=== Data extract ===
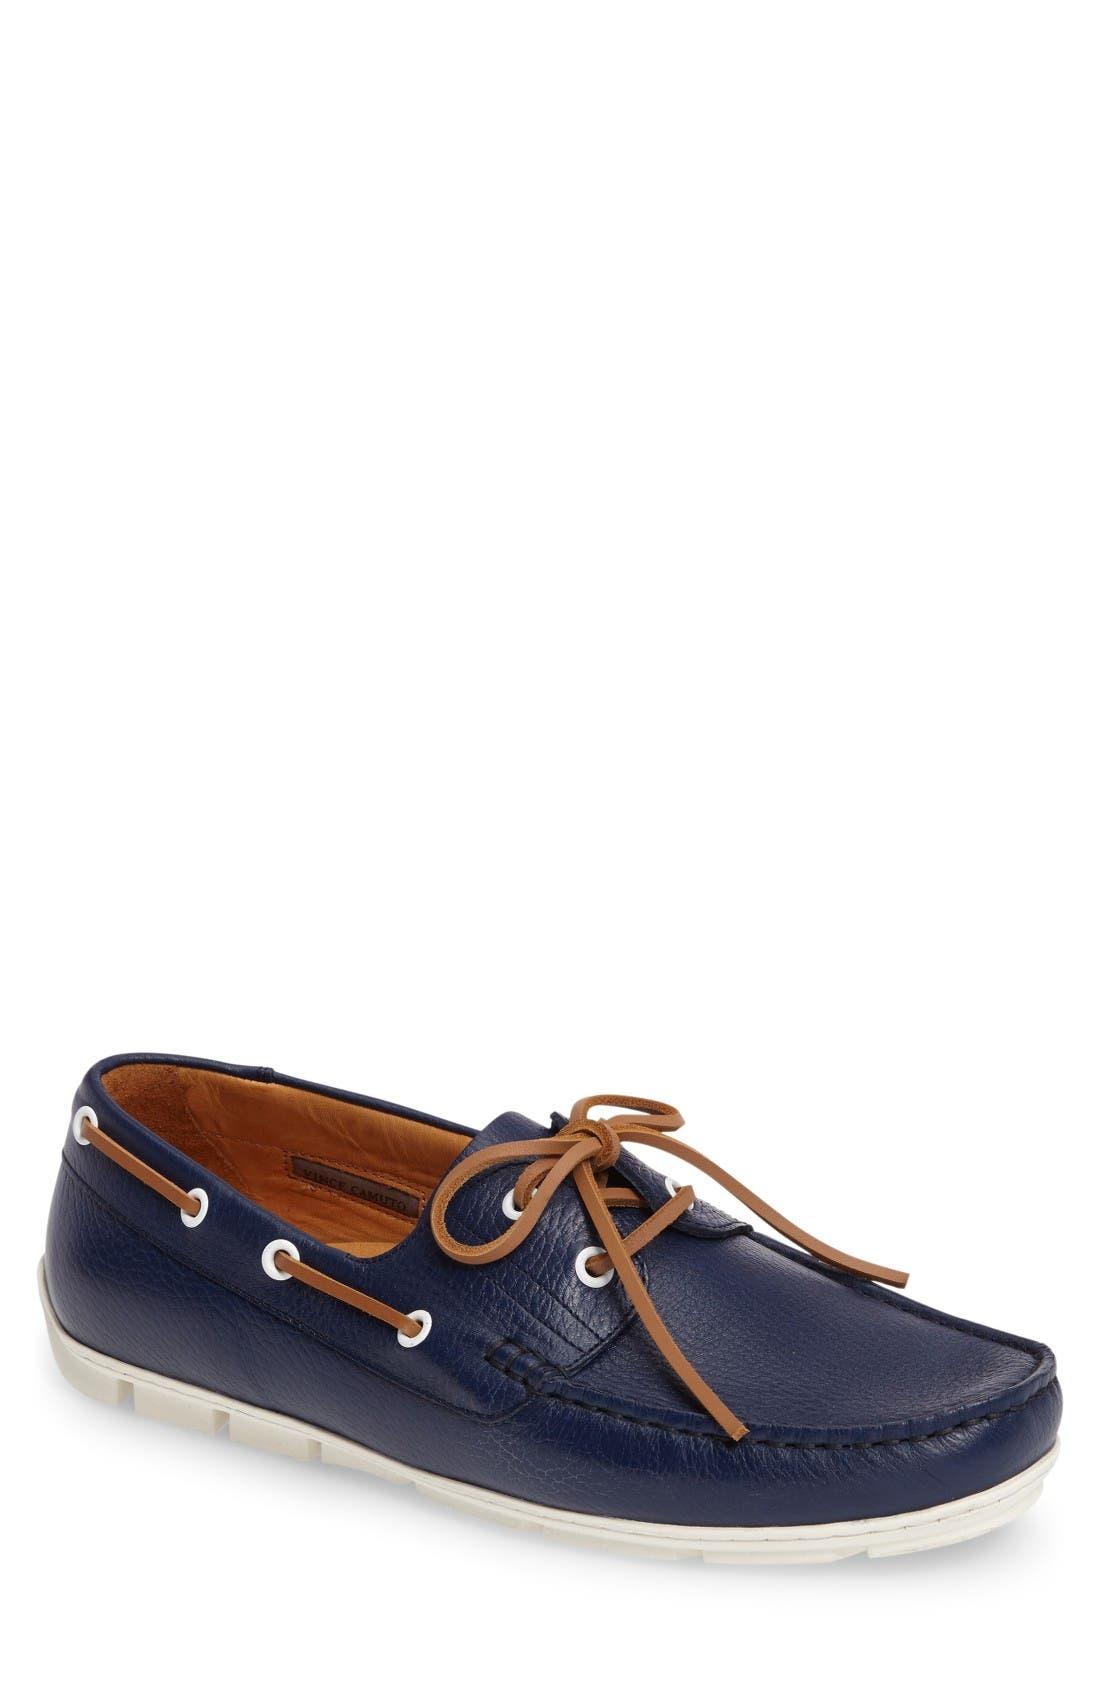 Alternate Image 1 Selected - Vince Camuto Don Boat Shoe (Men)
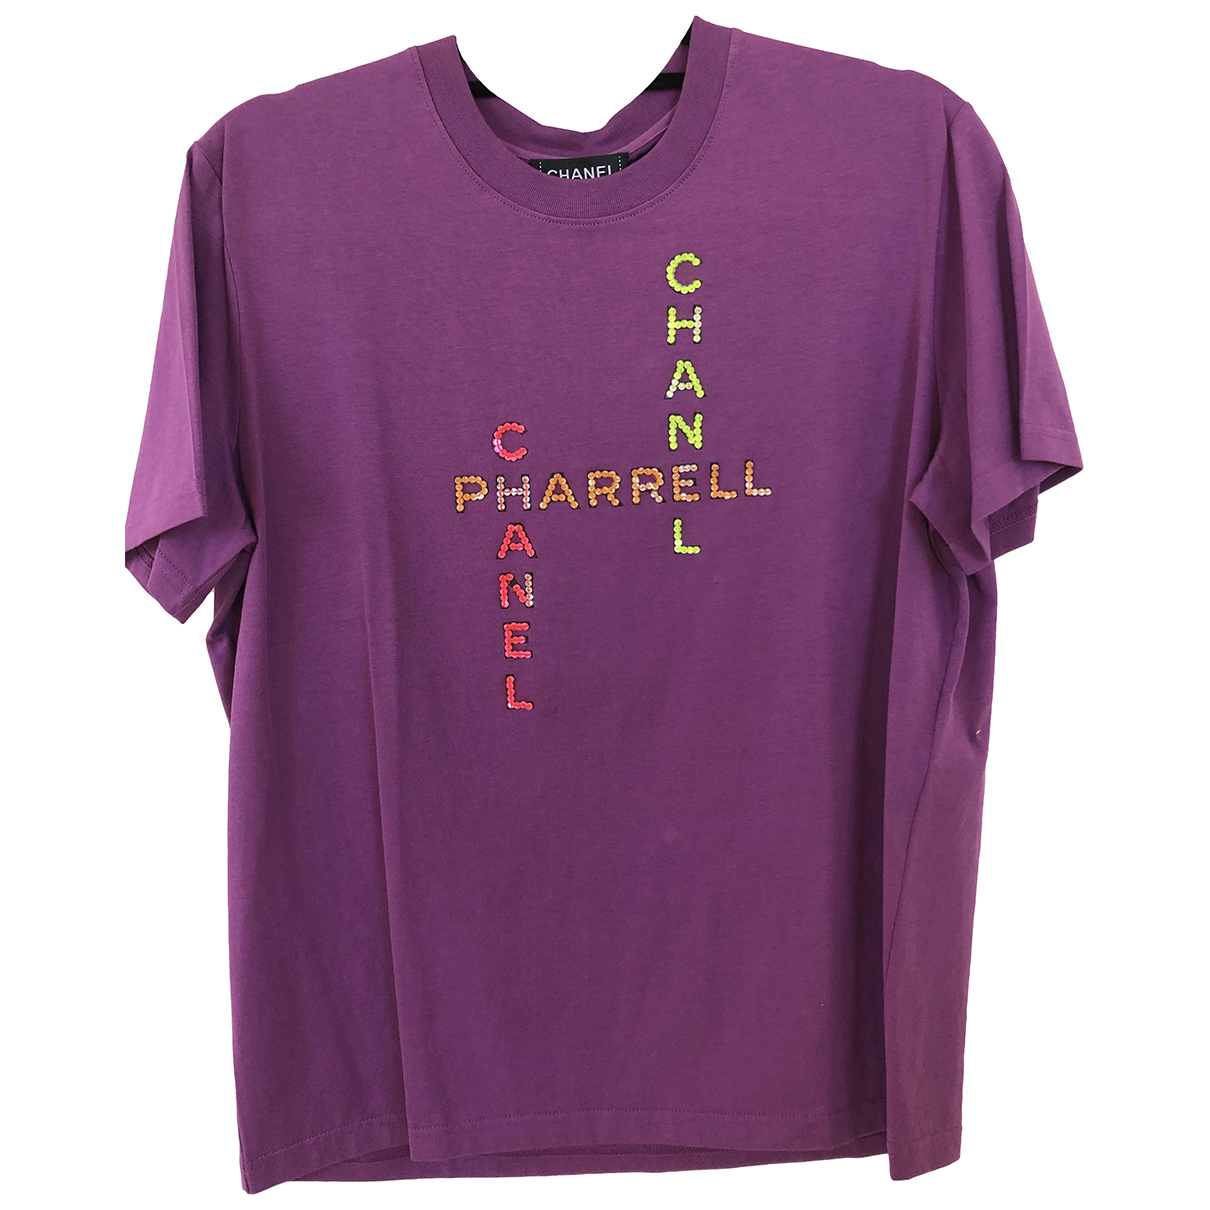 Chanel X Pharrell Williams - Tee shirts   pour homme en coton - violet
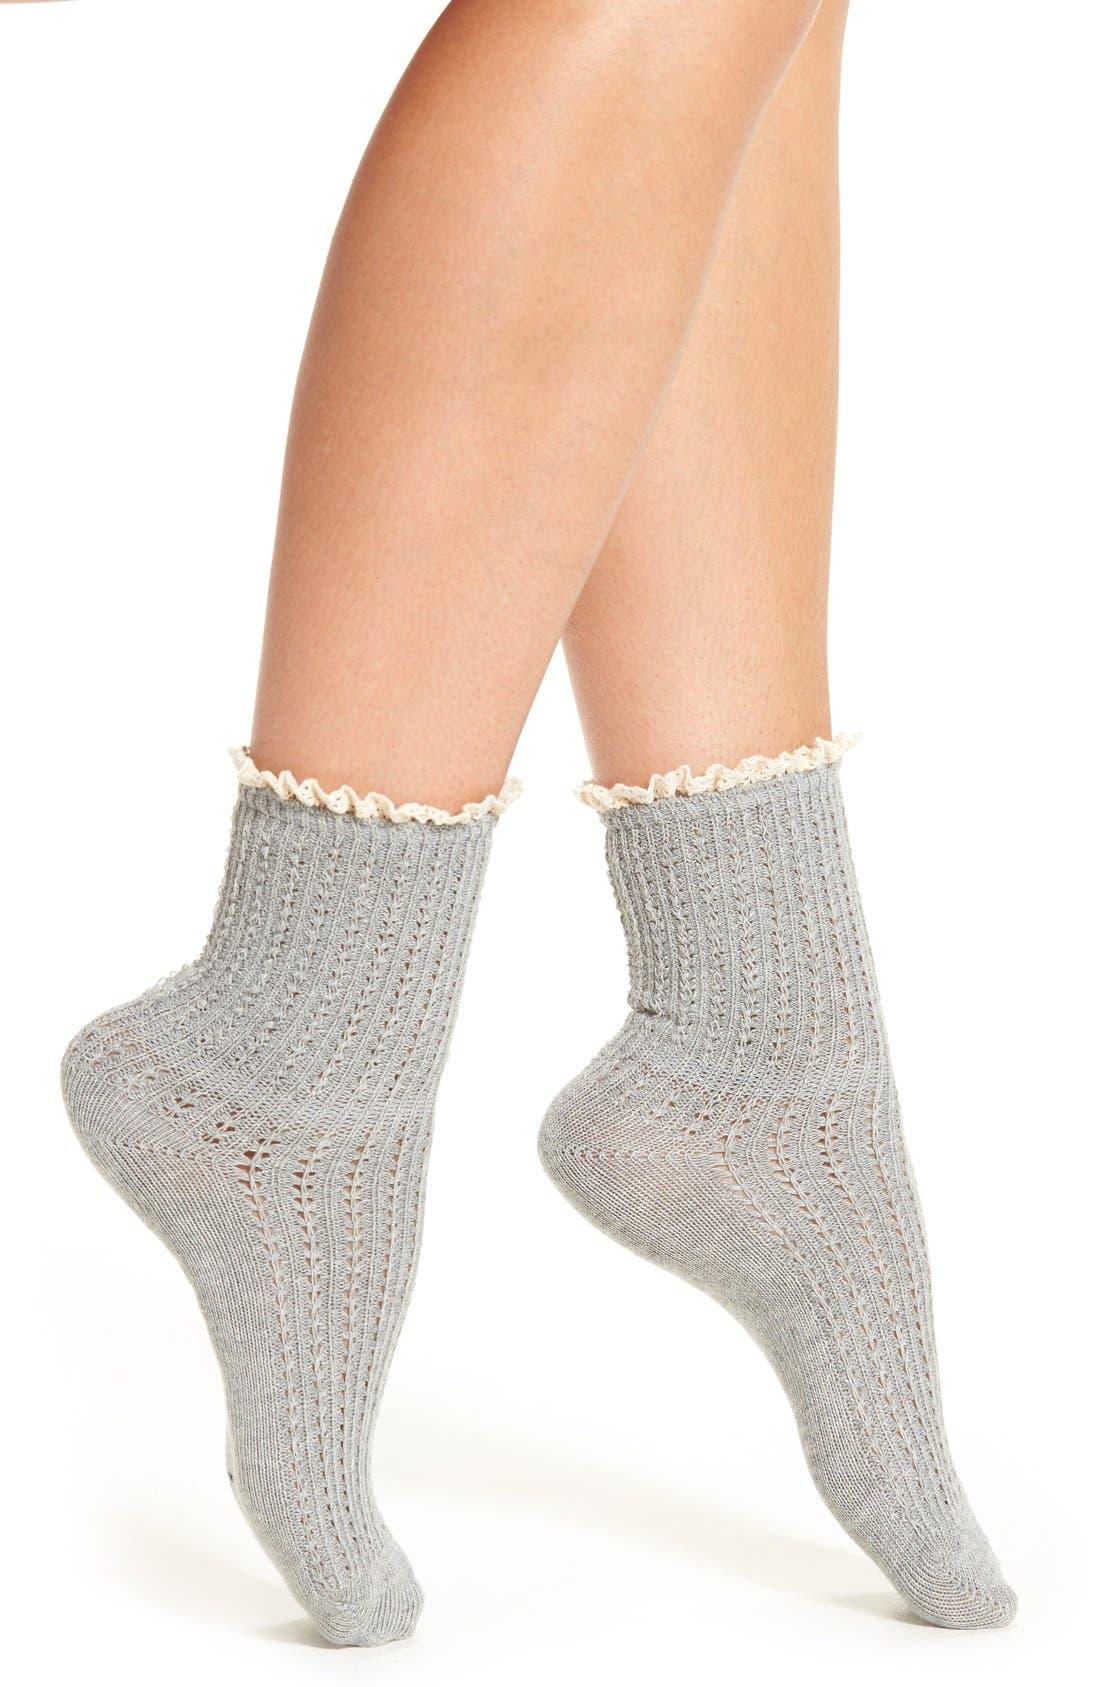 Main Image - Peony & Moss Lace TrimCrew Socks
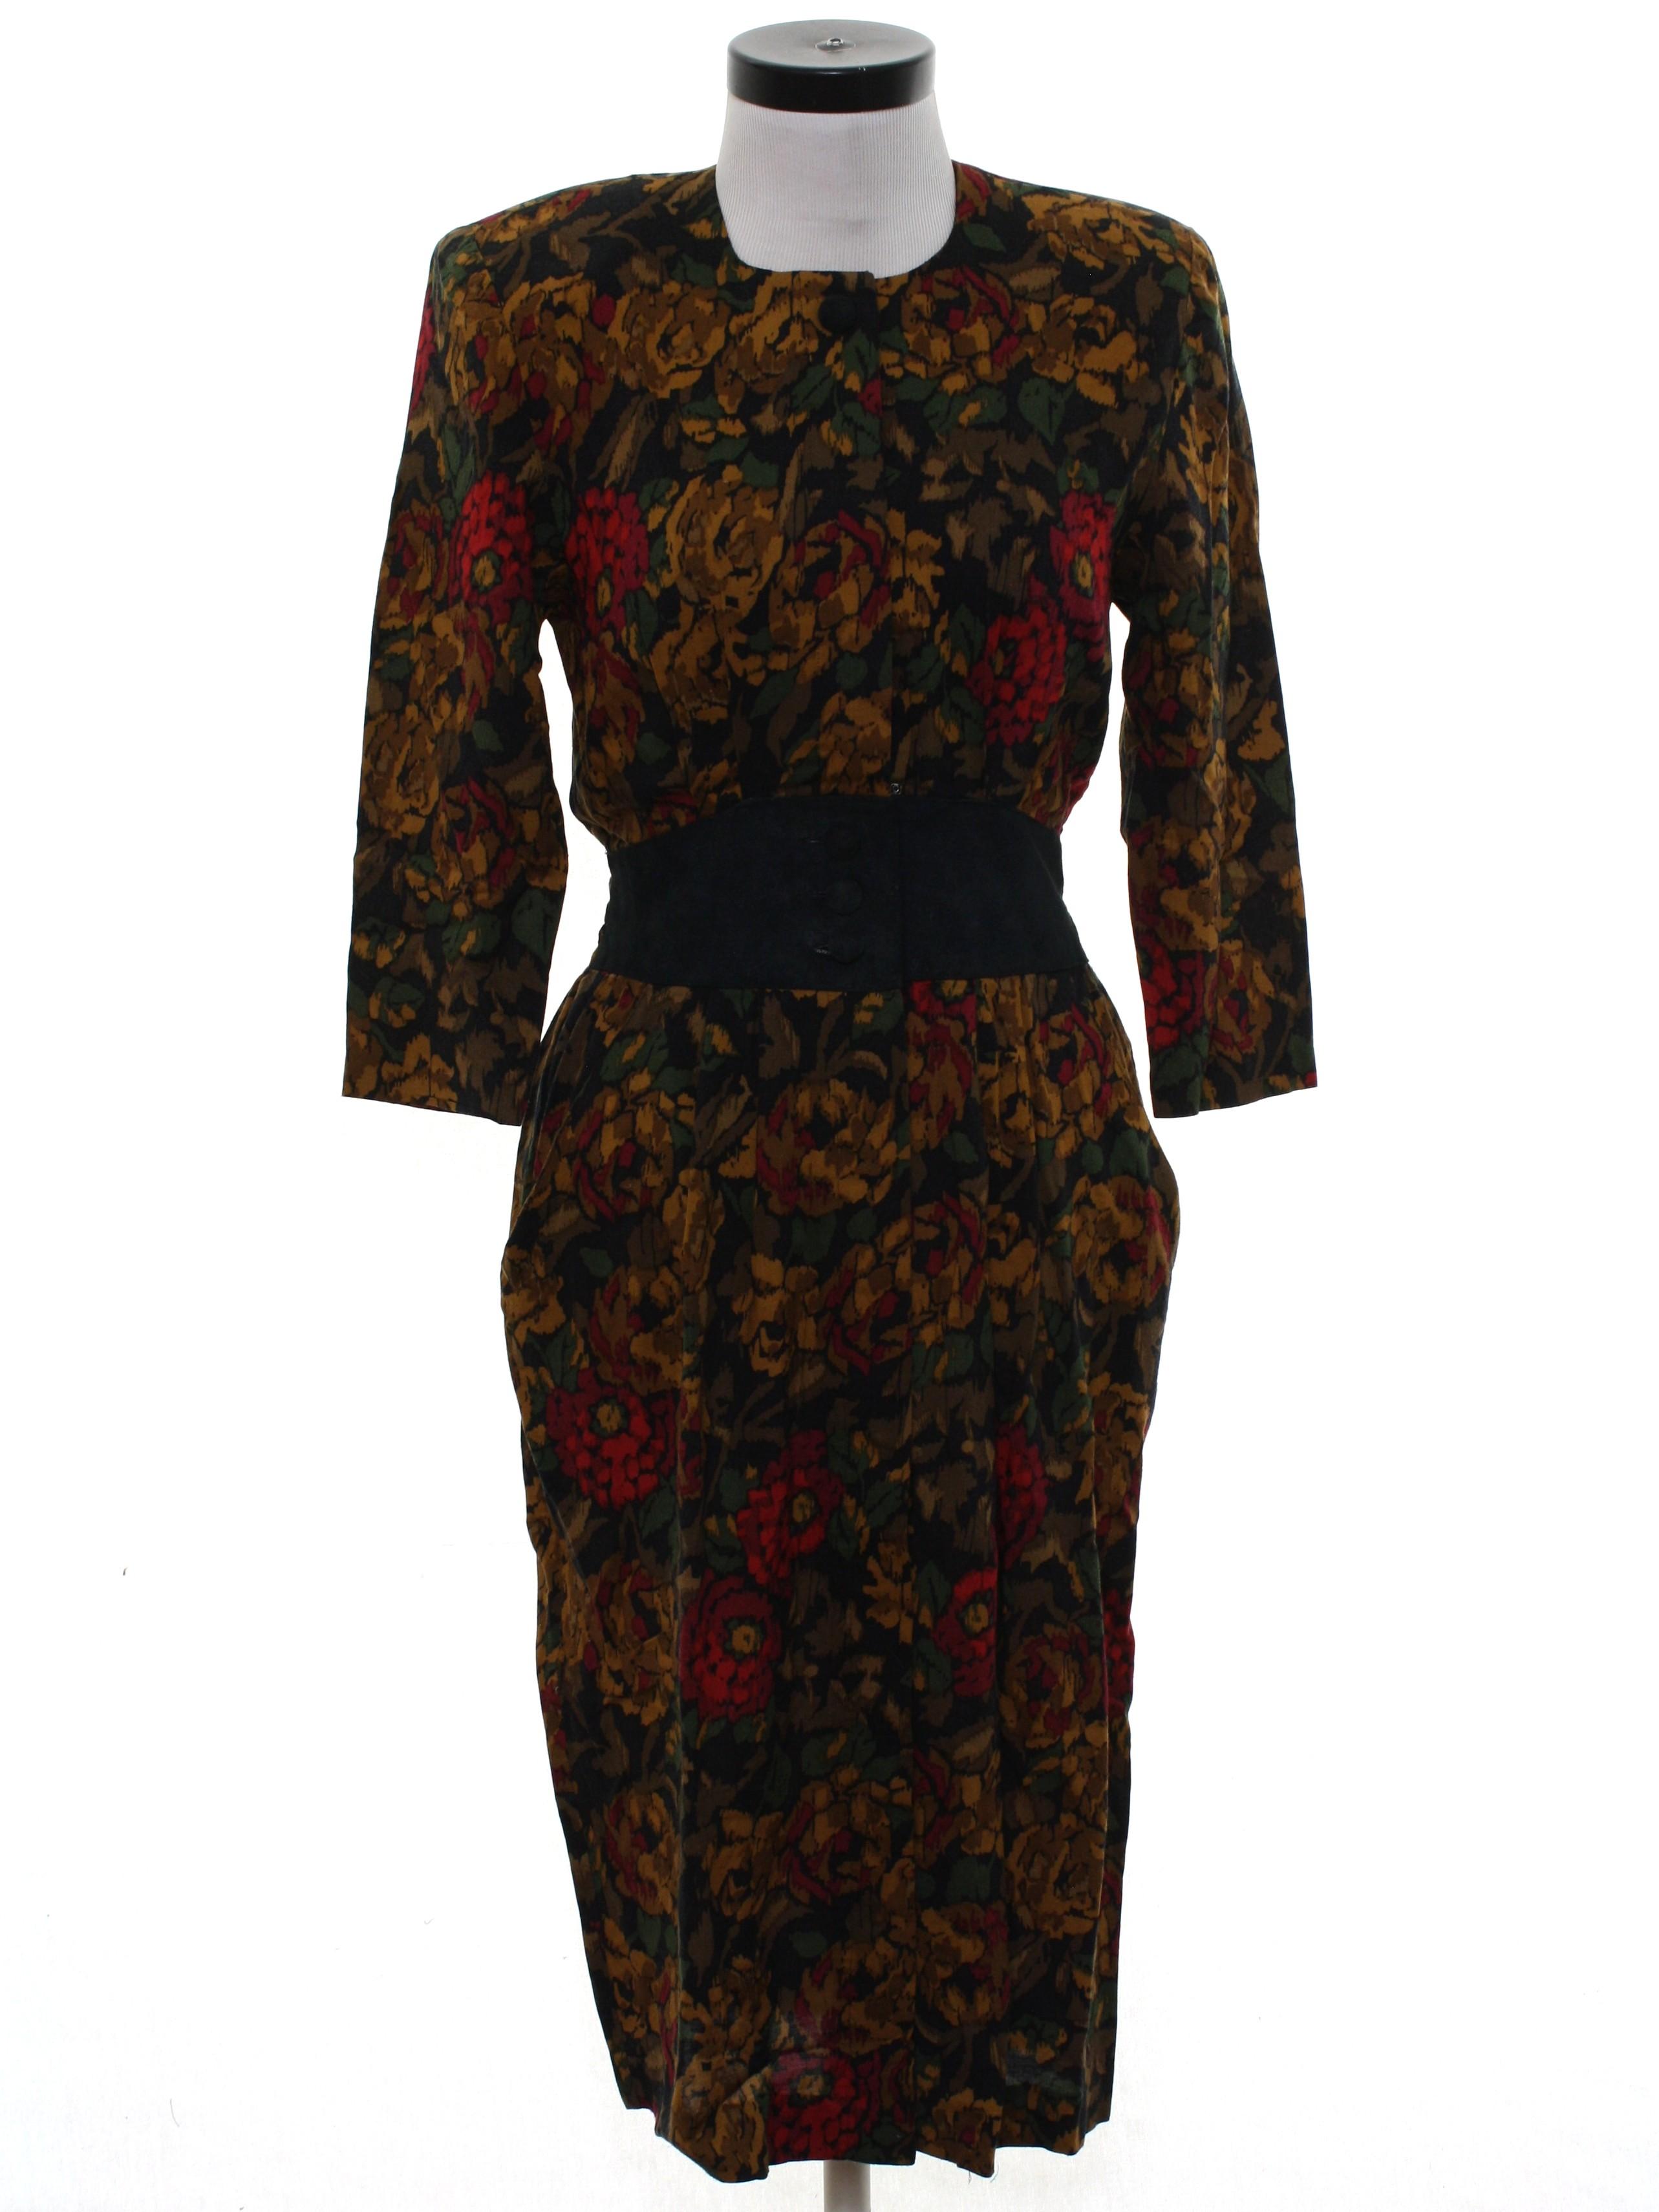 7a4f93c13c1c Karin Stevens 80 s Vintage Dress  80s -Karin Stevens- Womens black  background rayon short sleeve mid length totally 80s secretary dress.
===
■ What the exercise asks
Give an exact copy of the listing above that leaves out every picture.

■ Solved exercise
 Alternate Image 1 Selected - Vince Camuto Don Boat Shoe (Men)
 Chanel X Pharrell Williams - Tee shirts   pour homme en coton - violet
 Main Image - Peony & Moss Lace TrimCrew Socks
 7a4f93c13c1c Karin Stevens 80 s Vintage Dress  80s -Karin Stevens- Womens black  background rayon short sleeve mid length totally 80s secretary dress.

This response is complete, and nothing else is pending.